In a previous study by Yamashiro et al that evaluated the distribution pattern of macrophage subpopulations in transplanted rat mammary carcinomas, ²² both CD68+ and CD163+ cells were noted extratumorally and intratumorally as in our cases. According to that study, there were slightly more CD163+ cells than CD68+ cells within the tumor and nearly the same number of both cell types in the extratumoral space. Such a proportion of positive cells is in contrast to our study, in which there were more CD68+ cells compared to CD163+ cells in the mammary carcinomas group as well as in the benign proliferative lesions. In contrast to the study by Yamashiro et al, the current study investigated macrophage population in mammary tumors induced by DMBA exposure, while that by Yamashiro et al involved transplanted tumor cells.
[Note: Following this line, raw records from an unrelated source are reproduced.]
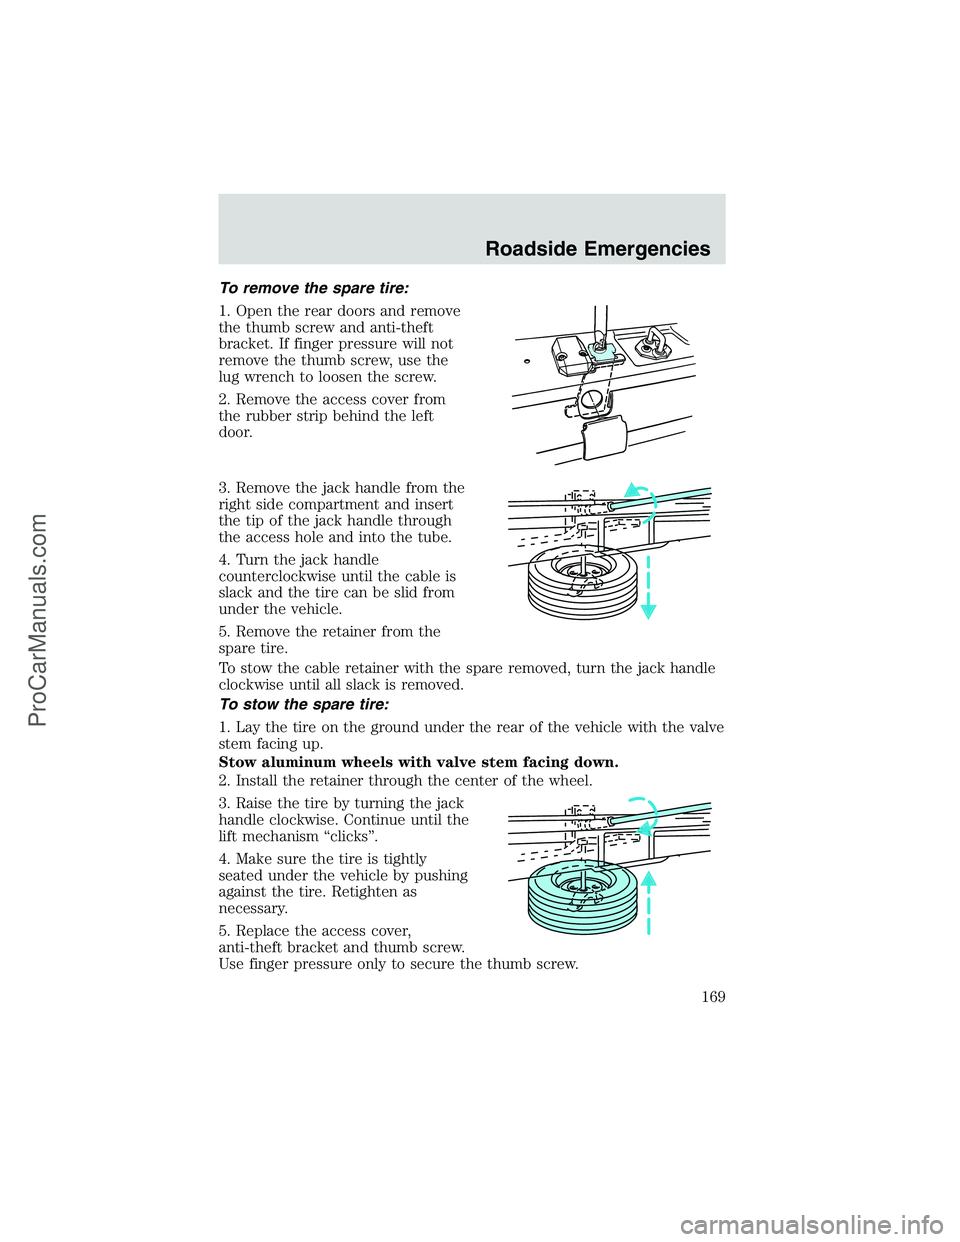 FORD E-150 2002  Owners Manual To remove the spare tire:
1. Open the rear doors and remove
the thumb screw and anti-theft
bracket. If finger pressure will not
remove the thumb screw, use the
lug wrench to loosen the screw.
2. Remov
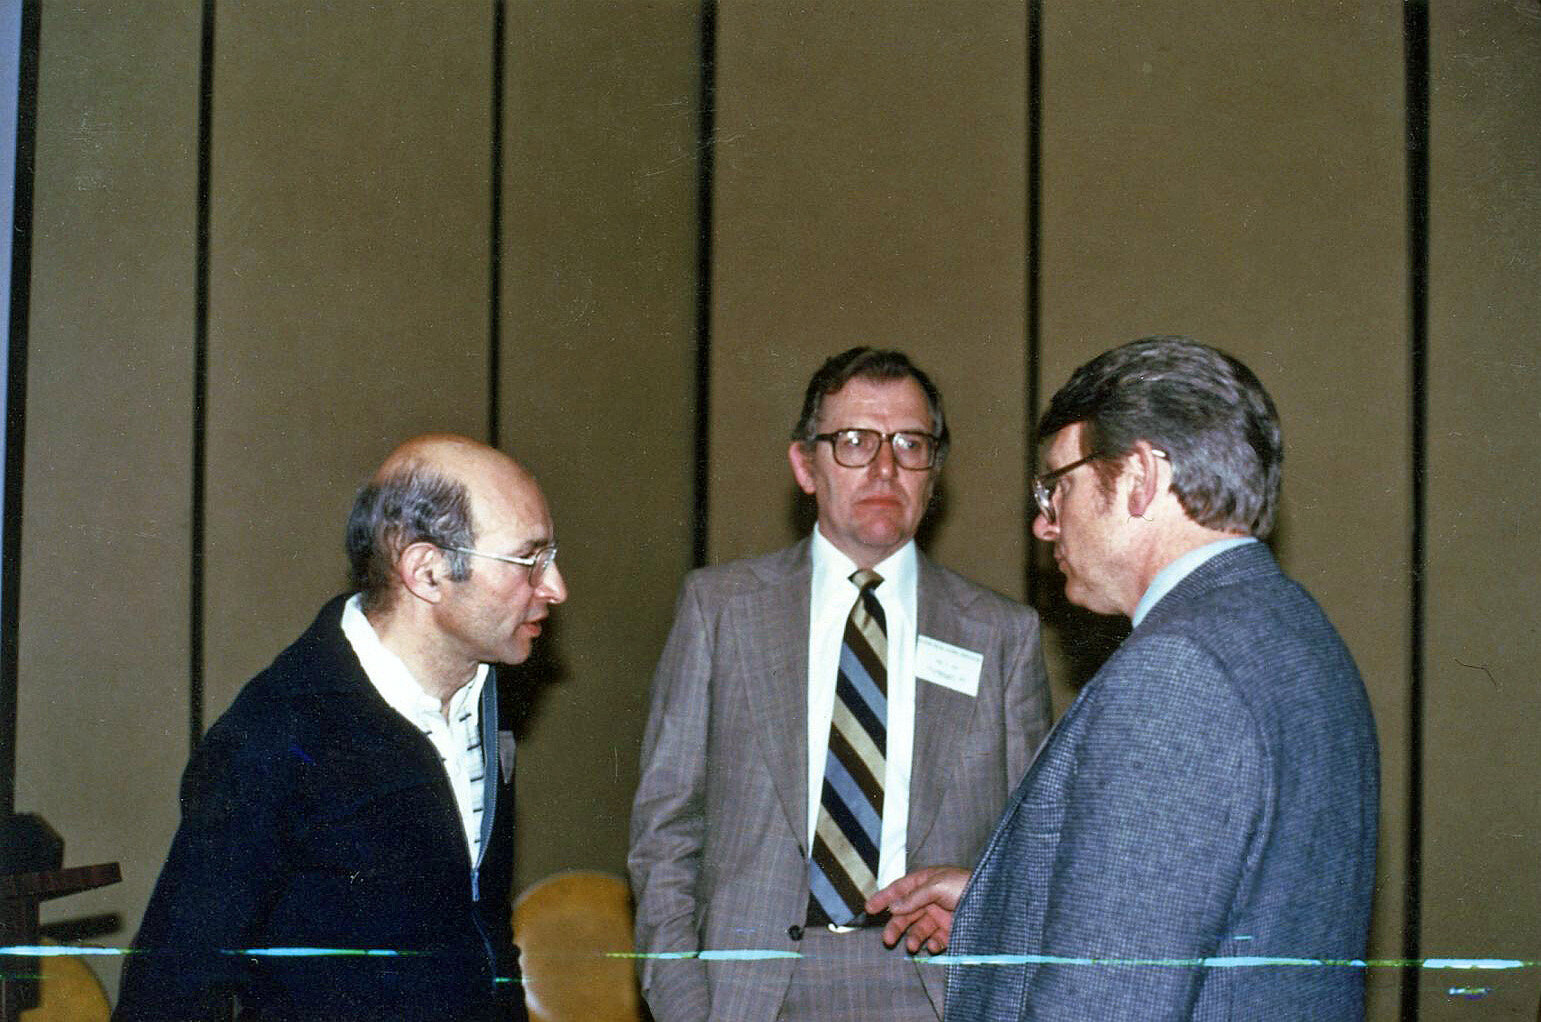 Lou Junker, Marc Tool, and Dale Bush (left to right)

The disparity in results between the 2 studies could be related to the different methods of generating a rat tumor model, as well as the different analytical techniques.
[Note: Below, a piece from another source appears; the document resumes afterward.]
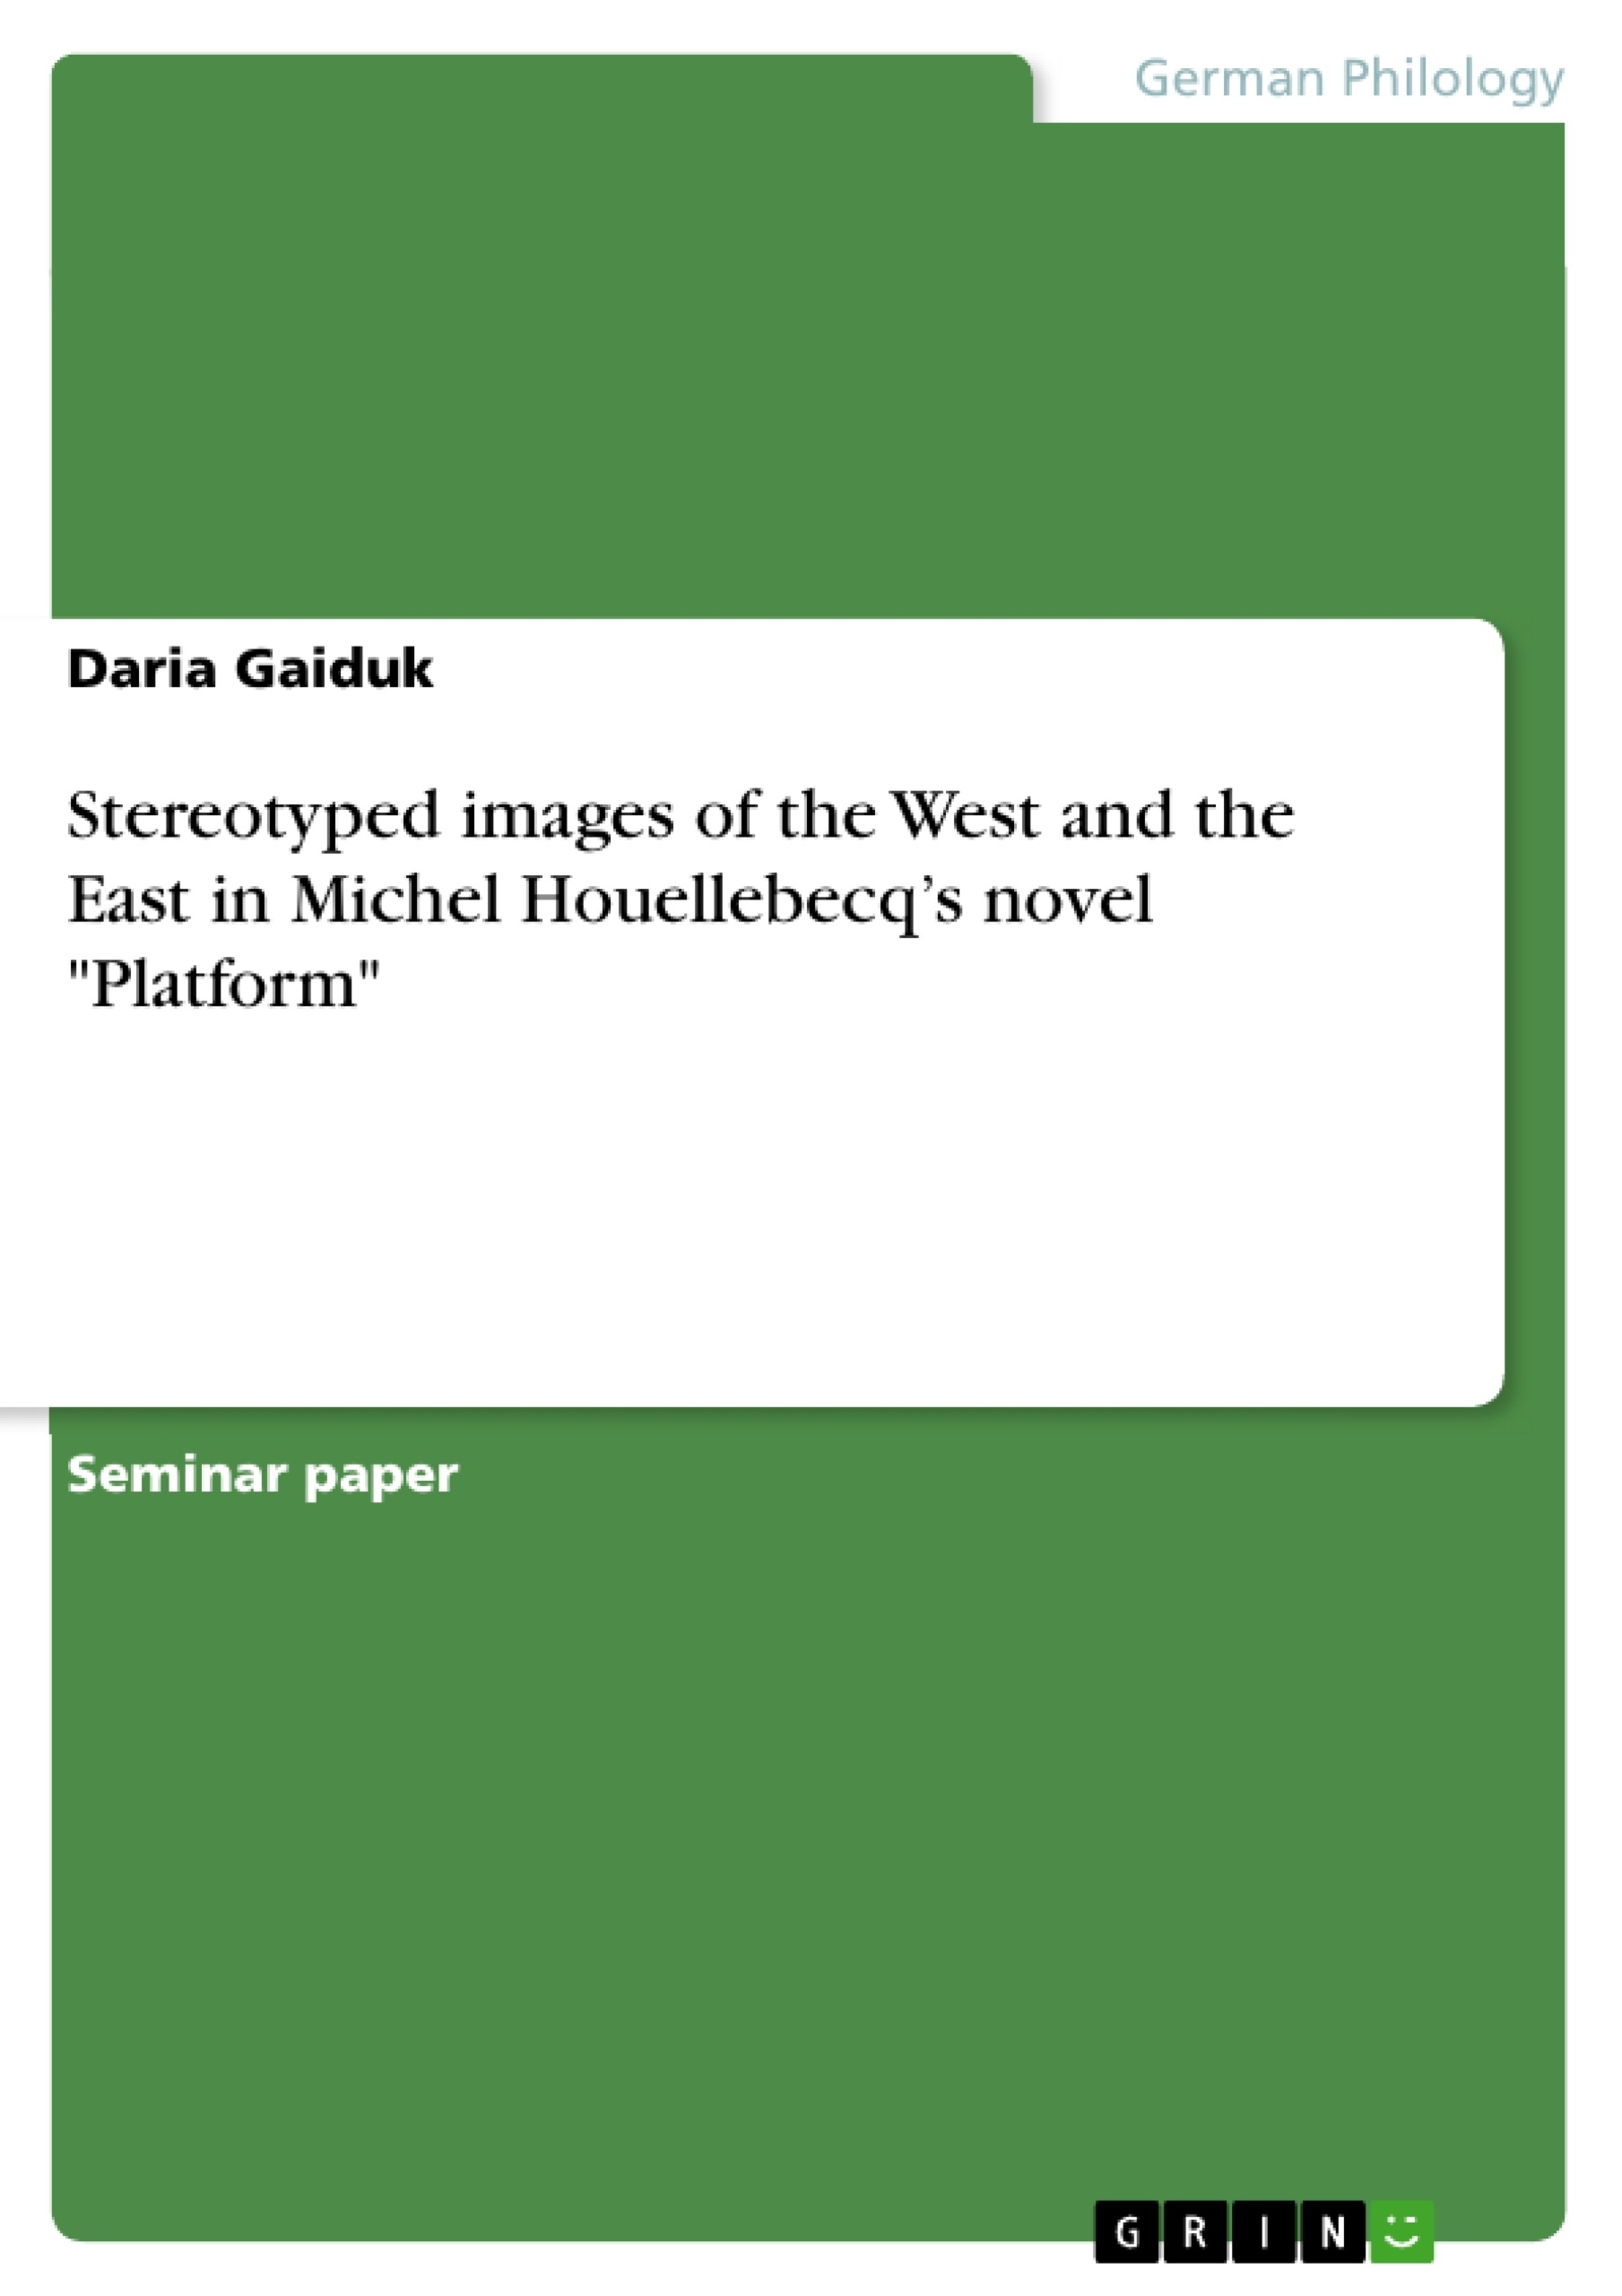 Titel: Stereotyped images of the West and the East  in Michel Houellebecq’s novel "Platform"

Our results are more similar to a quantitative study of CD68+ and CD163+ cells in rat liver tissue by Santos et al, in which the authors found more CD68+ cells than CD163+ cells. ¹⁶ The authors of this study considered all CD163+ cells to be CD68+, whereas 16% of CD68+ cells were immunonegative for CD163. ¹⁶ Considering that in humans CD68 is expressed by both M1 and M2 macrophages and CD163 is expressed predominantly by M2 macrophages, ⁷ it is tempting to interpret the current immunolabeling results as representing varying populations of M1 and M2 macrophages in rat mammary glands and mammary tumors. However, in rats, there is no conclusive evidence of a correlation of M1 and M2 macrophages and the expression of CD68 and CD163. Alternatively, because CD68 can also be expressed in leukocytes other than macrophages, it is possible that some CD68+ CD163– nonhistiocytic leukocytes were present among the inflammatory infiltrate of mammary gland tissues in our study. It is undetermined why there was a relatively high number of CD163+ macrophages in normal mammary glandular tissue. In the absence of inflammation, they are most likely resident or tissue-fixed macrophages. ²² Another possible explanation is that resident macrophages were diminished in neoplastic lesions, in which case malignant lesions could have had similar numbers as normal glands due to possible compensation of lost resident macrophages by tumor-associated macrophages and inflammatory cells.

In summary, in this immunohistochemical study, increased numbers of CD68+ cells were present in DMBA-induced rat mammary carcinomas compared to benign rat mammary proliferative lesions and normal rat mammary glands. More CD163+ cells were also present in rat mammary carcinomas than in benign mammary proliferative lesions. The difference in percentages of tissue CD68 and CD163 immunolabeling indicates that rat mammary carcinomas are associated with increased infiltration of CD68+ cells and CD163+ cells compared to benign proliferative lesions.